Shelden uses primary documents–from housing records to personal diaries–to reveal the ways in which this political sociability influenced how laws were made in the antebellum era. Ultimately, this Washington “bubble” explains why so many of these men were unprepared for secession and war when the winter of 1860-61 arrived.


A POLITICAL NATION


From UVA Press: This impressive collection joins the recent outpouring of exciting new work on American politics and political actors in the mid-nineteenth century. For several generations, much of the scholarship on the political history of the period from 1840 to 1877 has carried a theme of failure; after all, politicians in the antebellum years failed to prevent war, and those of the Civil War and Reconstruction failed to take advantage of opportunities to remake the nation. Moving beyond these older debates, the essays in this volume ask new questions about mid-nineteenth-century American politics and politicians.

In A Political Nation, the contributors address the dynamics of political parties and factions, illuminate the presence of consensus and conflict in American political life, and analyze elections, voters, and issues. In addition to examining the structures of the United States Congress, state and local governments, and other political organizations, this collection emphasizes political leaders—those who made policy, ran for office, influenced elections, and helped to shape American life from the early years of the Second Party System to the turbulent period of Reconstruction.


Other Scholarly Contributions

Special Issue of the JCWE on Federalism in the Civil War Era

This special issue focuses on the role of federalism in the Civil War era, primarily in the years before the war. Federalism—or the distribution of power among different governing bodies—defined how most nineteenth-century Americans understood their relationship to the government, both in theory and in practice. These men and women did not simply interact with the government and the law; rather, they were forced to navigate the complex relationships and overlapping authorities among the various governing bodies and regulations that made up the federal system.

“The Politics of Continuity and Change in the Long Civil War Era: A State of the Field”

From the Article: Now is the right time to reevaluate our broad approach to politics in the Civil War era, not because the political history of the mid-nineteenth century is stale or failing, but rather because political history of the period is thriving. In fact, Civil War–era political history of the last fifty years is among the most creative and methodologically sophisticated in the discipline; historians have effectively used the tools of social, cultural, economic, and legal history, as well as employed cross-disciplinary ideas from political science, sociology, and psychology to reimagine political participation, organization, and governance in this period. We now know more about politics from the local to the national level, we have effectively integrated Americans who were relegated to the margins by earlier political histories, and we better understand how politics did and did not define American life in the mid-nineteenth century.

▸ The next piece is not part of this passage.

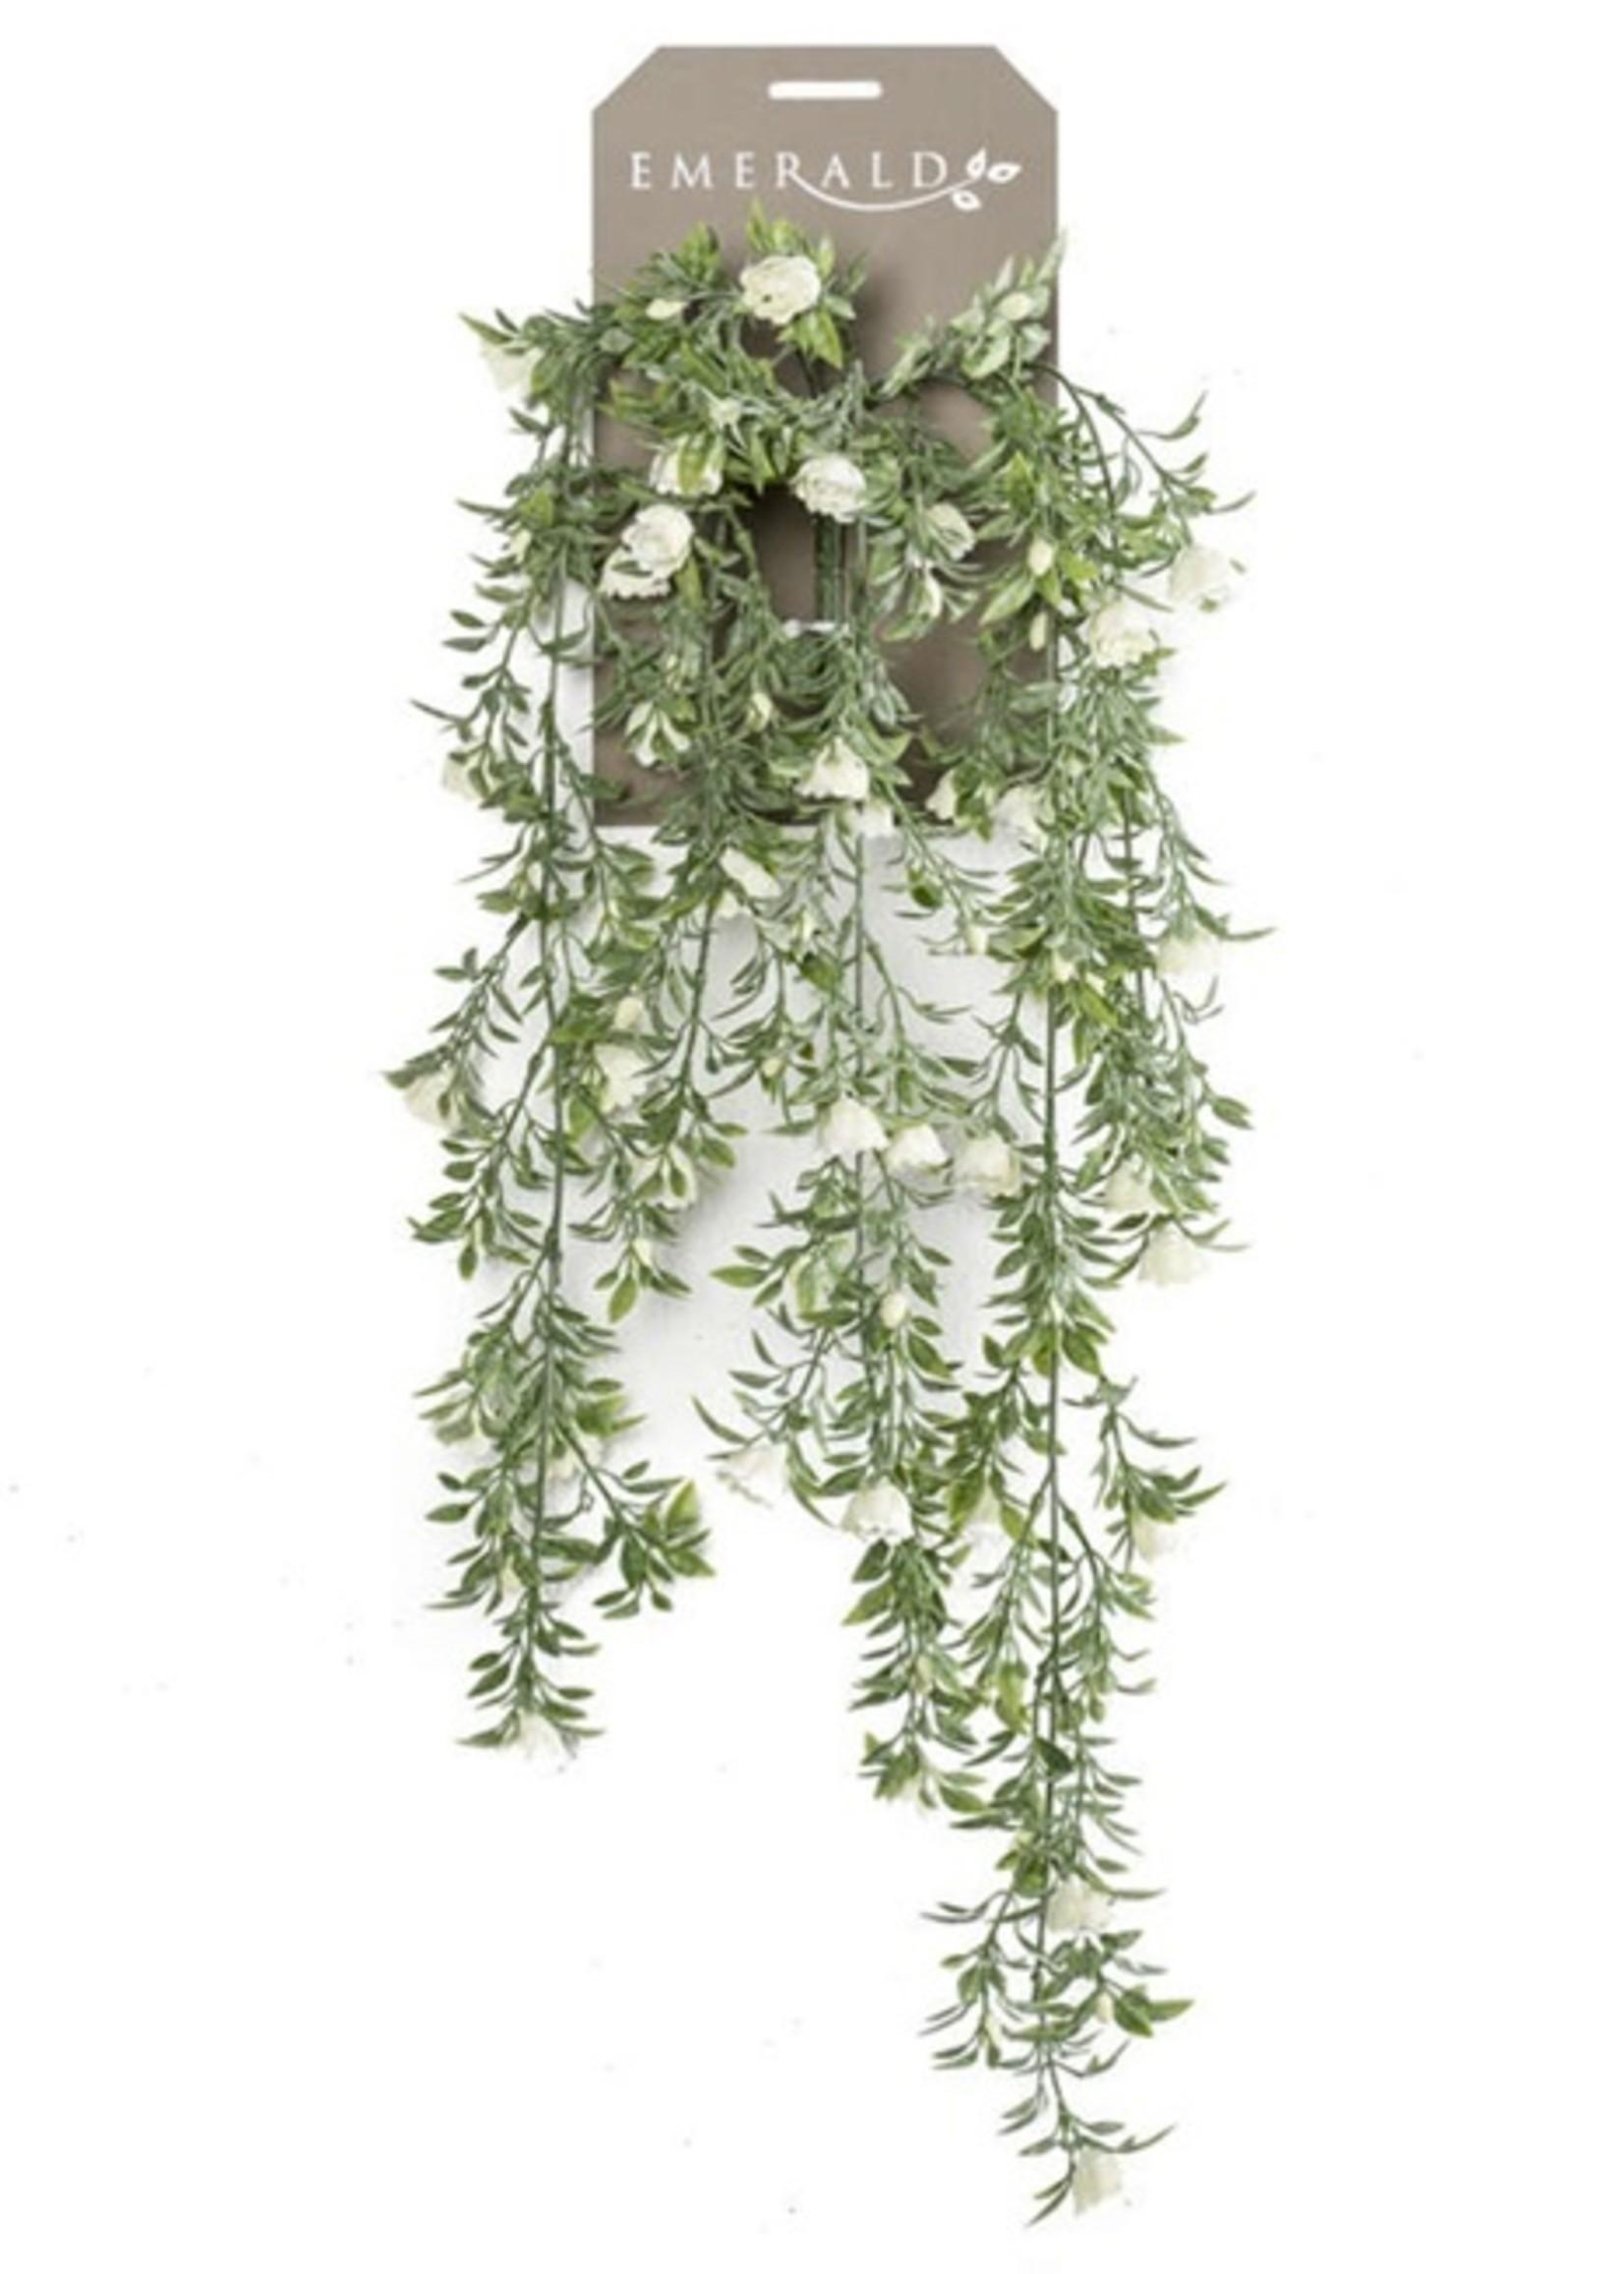 Emerald Eternal Green Rose mini hanging bush x5 75cm cream

On the heels of so much innovation, historians can begin to think more broadly about the era as a whole; new scholarship has the opportunity to make important changes to the way we understand continuity and change across the long Civil War era, stretching from the Jacksonian period to the early Gilded Age. Writing chronologically broad political histories of the period will allow us to break free of older historiographical divides and will tell us more about the generations of Americans who experienced and participated in the politics of one of the most fraught eras in US history.